What I saw next may be the "silliest" thing sign I've ever read.  It was actually a handwritten note, taped onto the duct tape and brown paper, over the opening, which read in big block letters:  "DO NOT USE."    Really? Was this sign necessary? Hope not.  Of course, as long as they were "signing," a better one might have read: "Please use feet to flush toilet - there's no soap, in the universe, strong enough to remove dirt you'll collect with a hand flush."

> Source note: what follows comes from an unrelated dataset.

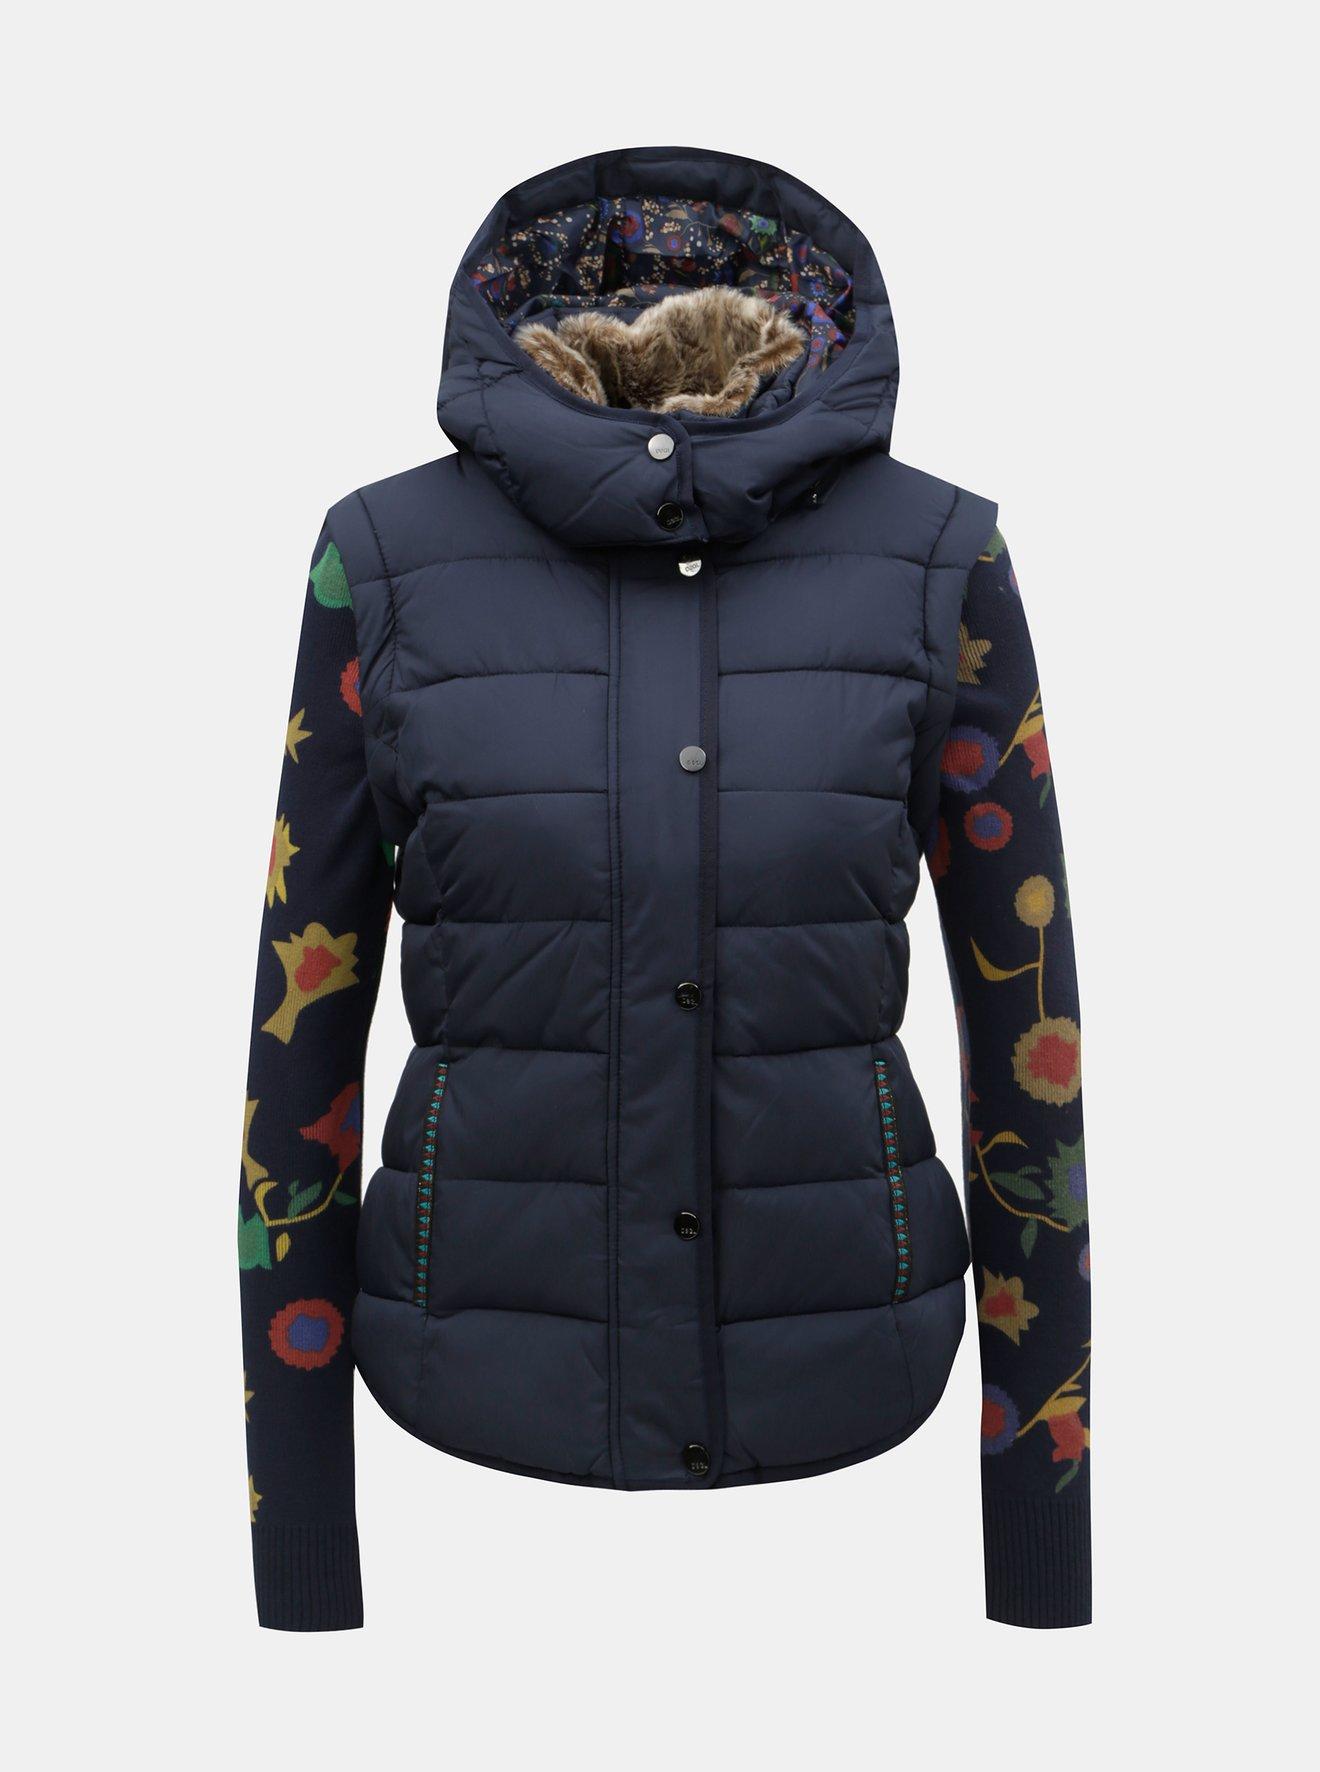 Tmavě modrá prošívaná bunda/vesta s odnímatelným umělým kožíškem Desigual Padded Pia
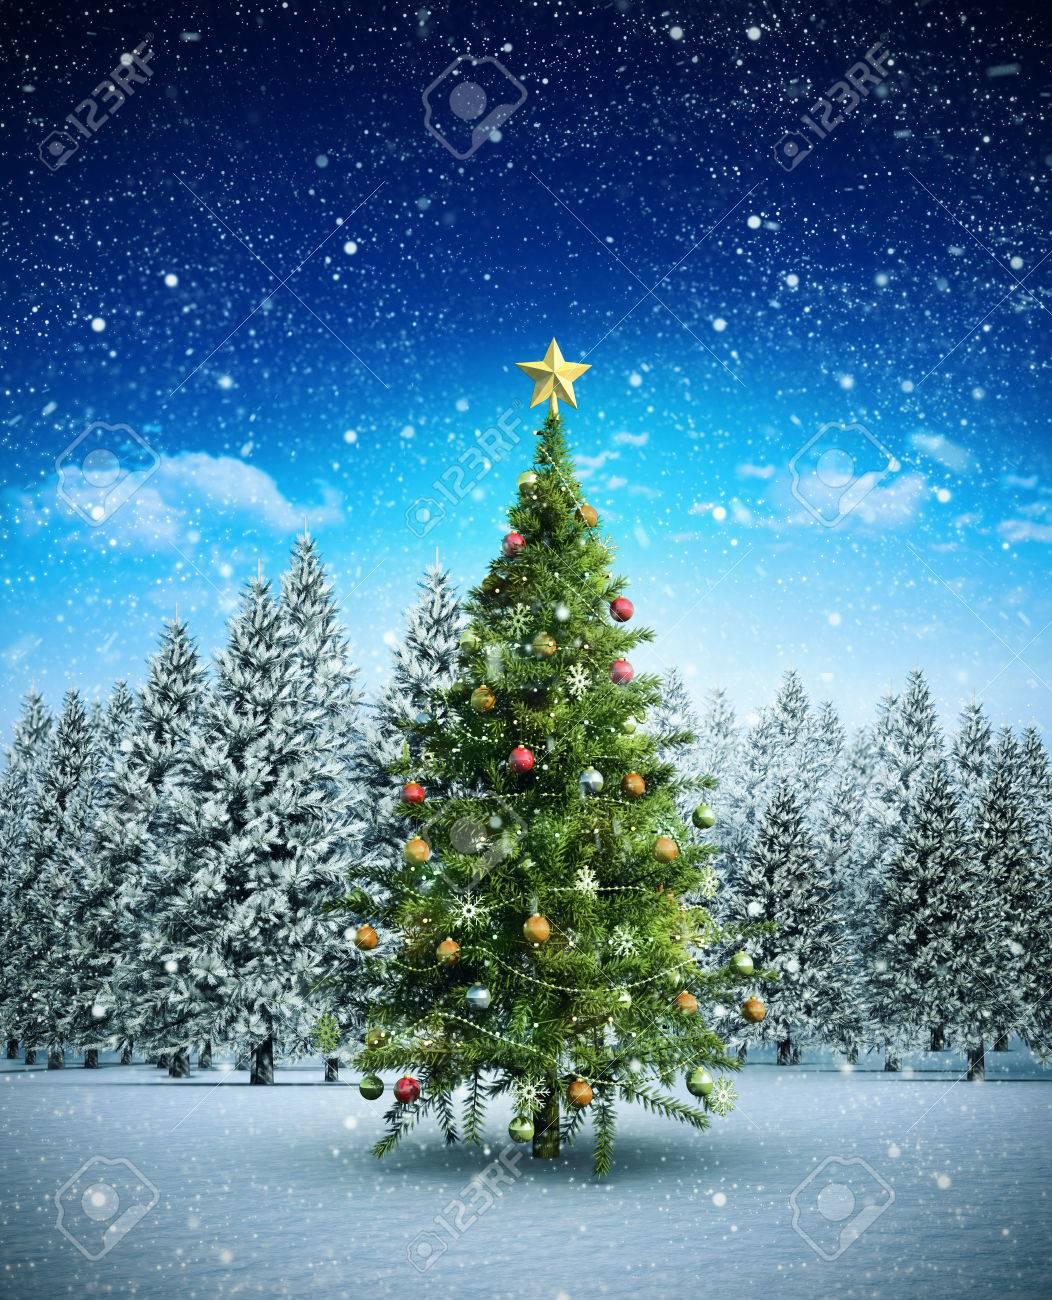 imagen compuesta de rbol de navidad contra el bosque del rbol de abeto en paisaje nevado

Exhibit #4. Finally, "silly" has become so prevalent, a trio of twenty-something guys (who else?) recently started a website called "People of Wal Mart"  (www.peopleofwalmart.com).  They post candid photos of Walmart shoppers just, well, being themselves.   But, based on the photos I saw, being themselves usually involved mullets, various stages of undress, tattoos, butt cracks, ill-fitting clothes, 6-foot fingernails, etc.  After perusing this website, you'll no longer wonder how George W. Bush was re-elected. Really. Or, if you're of a different political persuasion, how Barack Obama was elected.  (Happy, now?)

Talk about silly, these guys hit the motherlode.  In fact it's so "silly,"  the founders don't want any more "mullet" photos - they have too many.  Too many. Did you digest that line?  And we thought all these people were at so-called  "Town Hall" meetings?  Well, I guess not all the time.  And  "tea bagging," I hear, works up quite an appetite for food and cheap crap from China.  And for these people, WalMart is the retailer of choice for both of these - and so much more.